I copied the code from style_python.tex.j2, which I find to be the simplest and neatest. I also customized the markdown rendering by removing unnecessary logic and the auto_identifiers feature, avoiding duplicated auto-generated labels for each section, which can cause issues.

Tip for using Jupyter style: You don't need to copy the macro draw_cell; just import it like this:

((*- from 'latex/style_jupyter.tex.j2' import draw_cell with context -*))

jinja

To extract the LaTeX preamble, place the following template into templates/header/index.tex.j2:

((*- extends 'latex/style_python.tex.j2' -*))

((*- block docclass -*))
((*- endblock docclass -*))

((*- block body -*))
((* endblock body *))

jinja

This code is straightforward: we remove docclass and body, leaving only the LaTeX preamble. Again, I'm using the Python code rendering style here, and you may need to adjust it accordingly.

Writing Code for Conversion #

With the templates ready, the next step is to create a build script that uses nbconvert to perform the conversion.
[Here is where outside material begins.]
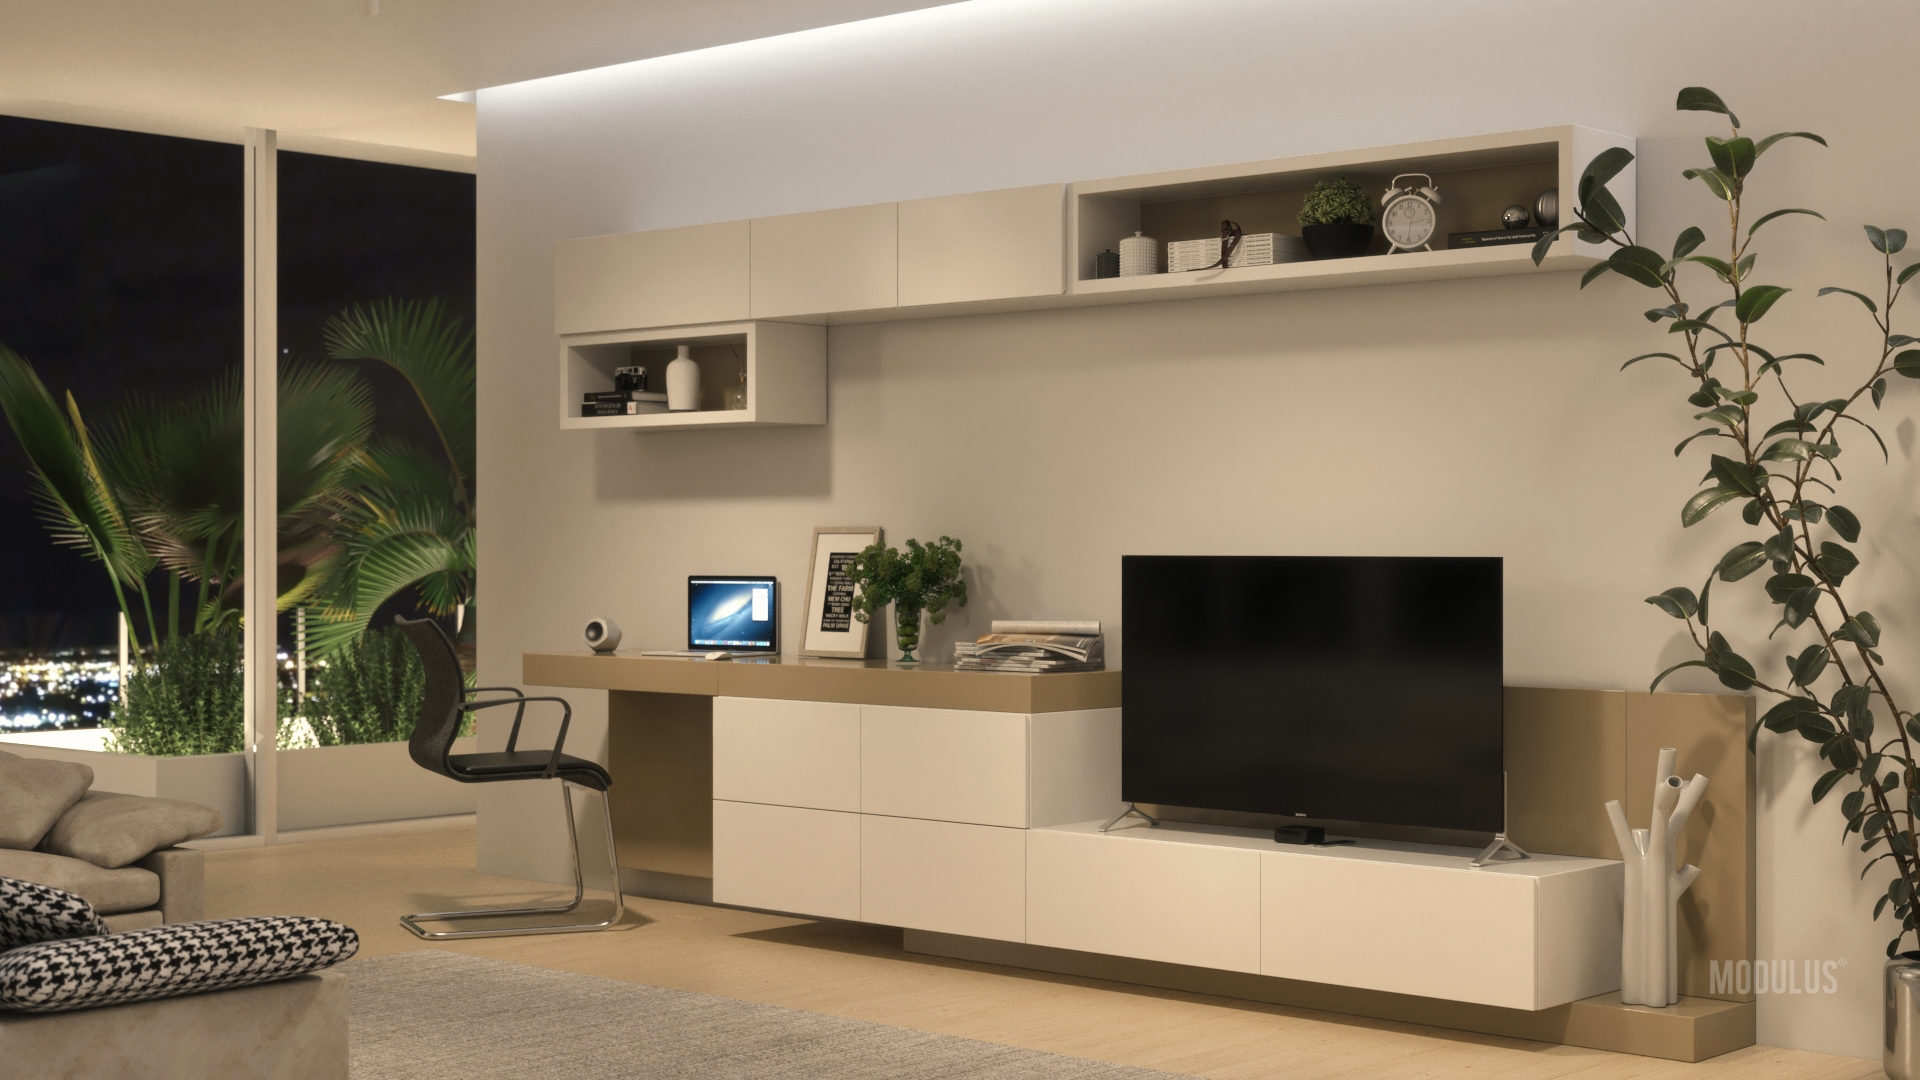 Mueble para living con escritorio

Here is a simple example:

import shutil
import subprocess
import sys
from pathlib import Path

from nbconvert import LatexExporter
from traitlets.config import Config

SOURCE_DIR = Path(__file__).parent / "notebooks"
TARGET_DIR = Path(__file__).parent / "tex"
TEMPLATE_DIR = Path(__file__).parent / "templates"
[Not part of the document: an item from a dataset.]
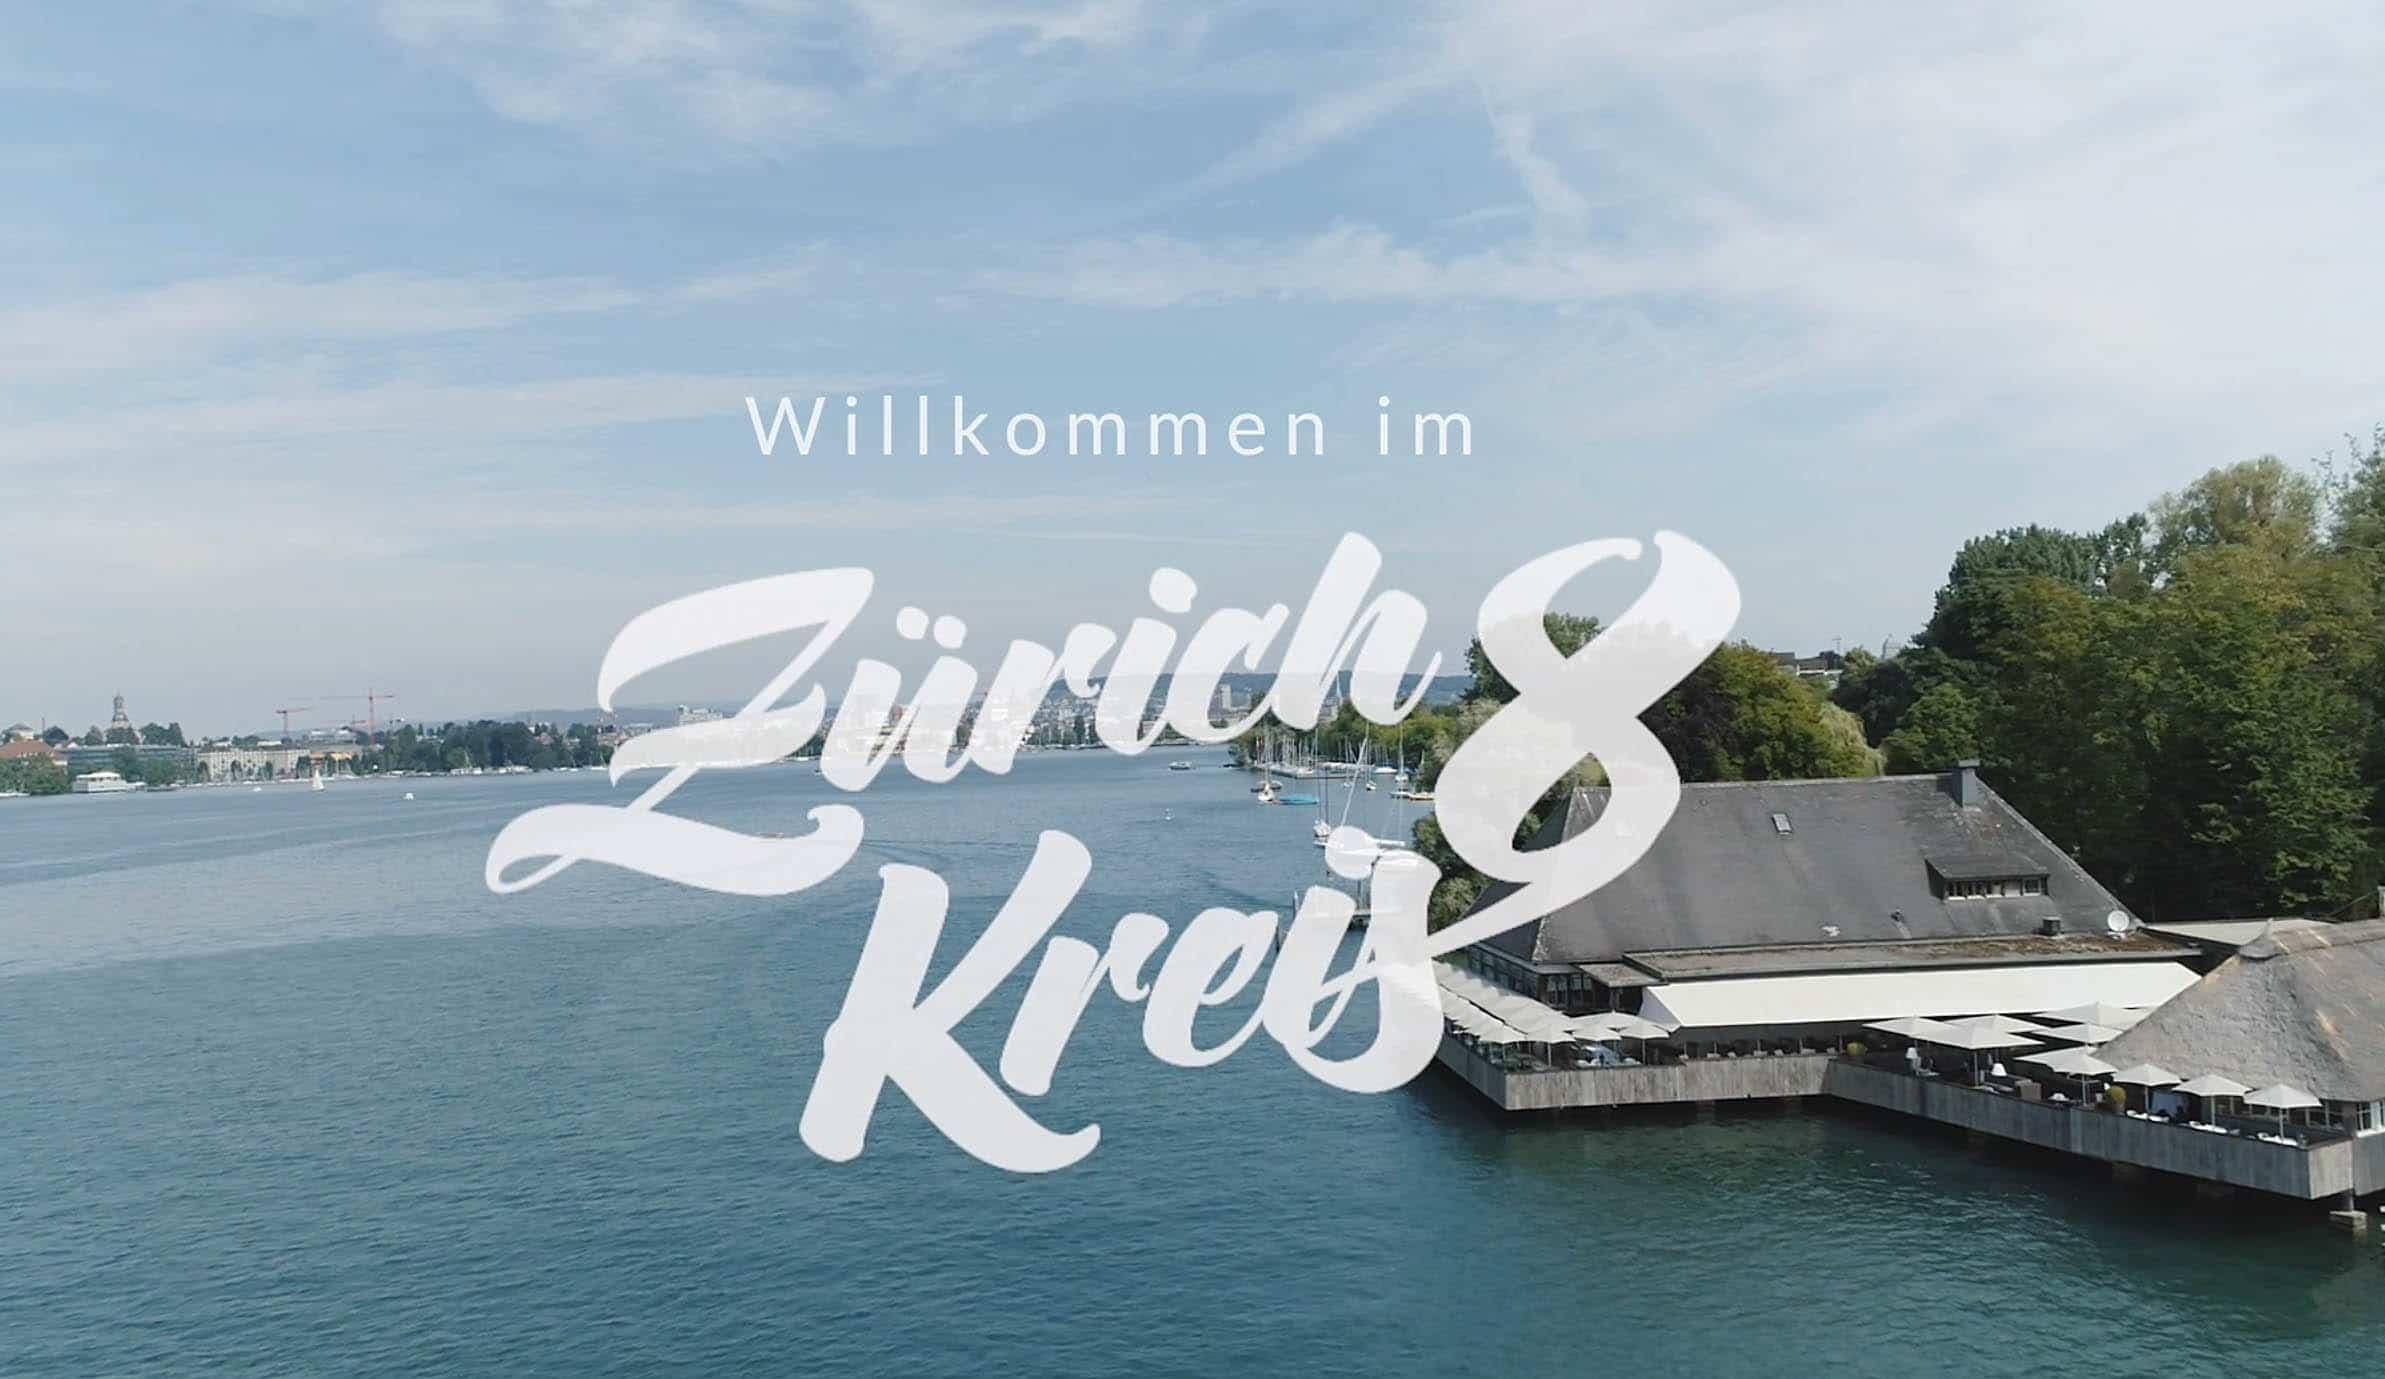 Zürich Kreis 8

def sync_tex(ipynb_file: Path, tex_exporter: LatexExporter):
    tex_dir = TARGET_DIR / ipynb_file.parent.relative_to(SOURCE_DIR)
    tex_target = tex_dir / (ipynb_file.stem + ".tex")
    tex_dir.mkdir(parents=True, exist_ok=True)
    body, resources = tex_exporter.from_filename(ipynb_file)
    for resource_file, resource_content in resources["outputs"].items():
        with (TARGET_DIR / resource_file).open("wb") as f:
            f.write(resource_content)
    with tex_target.open("w", encoding="utf8") as f:
        f.write(body)


if __name__ == "__main__":
    if not TARGET_DIR.exists():
        TARGET_DIR.mkdir()
    c = Config()
    c.TemplateExporter.extra_template_basedirs = [
        str(TEMPLATE_DIR)
    ]
    c.TemplateExporter.template_name = "content"
    c.FilesWriter.build_directory = "asdf"
    tex_exporter = LatexExporter(config=c)

    print(SOURCE_DIR)
    for ipynb_file in SOURCE_DIR.rglob("*.ipynb"):
        if ipynb_file.parent.stem == ".ipynb_checkpoints":
            continue
        print(f"Processing {ipynb_file.relative_to(SOURCE_DIR)}")
        sync_tex(ipynb_file, tex_exporter)
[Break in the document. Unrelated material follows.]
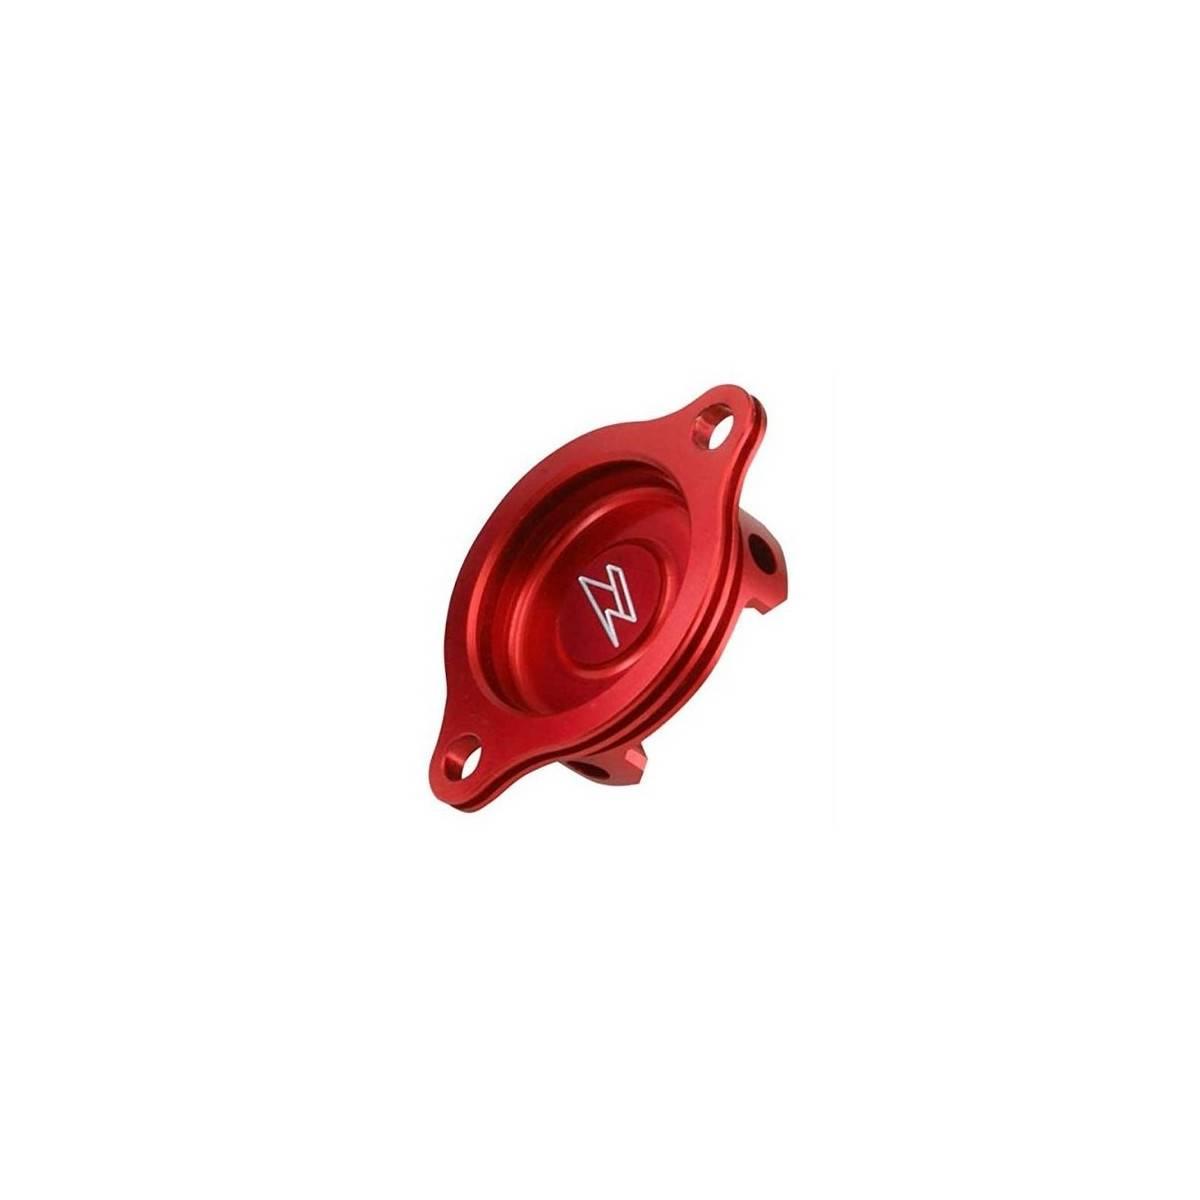 ZE90.1073 - Tapa Filtro Aceite Zeta Crf450R X´02-08 Rojo

    c.TemplateExporter.template_name = "header"
    header_exporter = LatexExporter(config=c)
    body, _ = header_exporter.from_filename(ipynb_file)
    with (TARGET_DIR / "preamble.tex").open("w", encoding="utf8") as f:
        f.write(body)

    if shutil.which("latexmk"):
        subprocess.run(["latexmk", "main.tex"], cwd=TARGET_DIR)

python

The above script does not handle image resources with the same name (body, resources = tex_exporter.from_filename(ipynb_file) line). You may need to modify it if your notebooks output many images.

Gluing Everything Together #

The final step is to create a main.tex. Here is a simple example:

\documentclass[12pt]{report}
\input{preamble}
% Add any customizations you like...
\begin{document}
\tableofcontents
\chapter{Chapter}
\include{chap1.tex}
\end{document}

tex

You can customize main.tex to include fancy title pages, style the pages, etc. Note that you may want to place your customized preamble below the \input preamble, as preamble.tex modifies the page geometry.

In conclusion, creating a simple PDF book from multiple Jupyter notebooks is a feasible task that doesn't require advanced tools. By leveraging nbconvert with custom templates, you can efficiently extract and compile LaTeX content into a nice PDF document.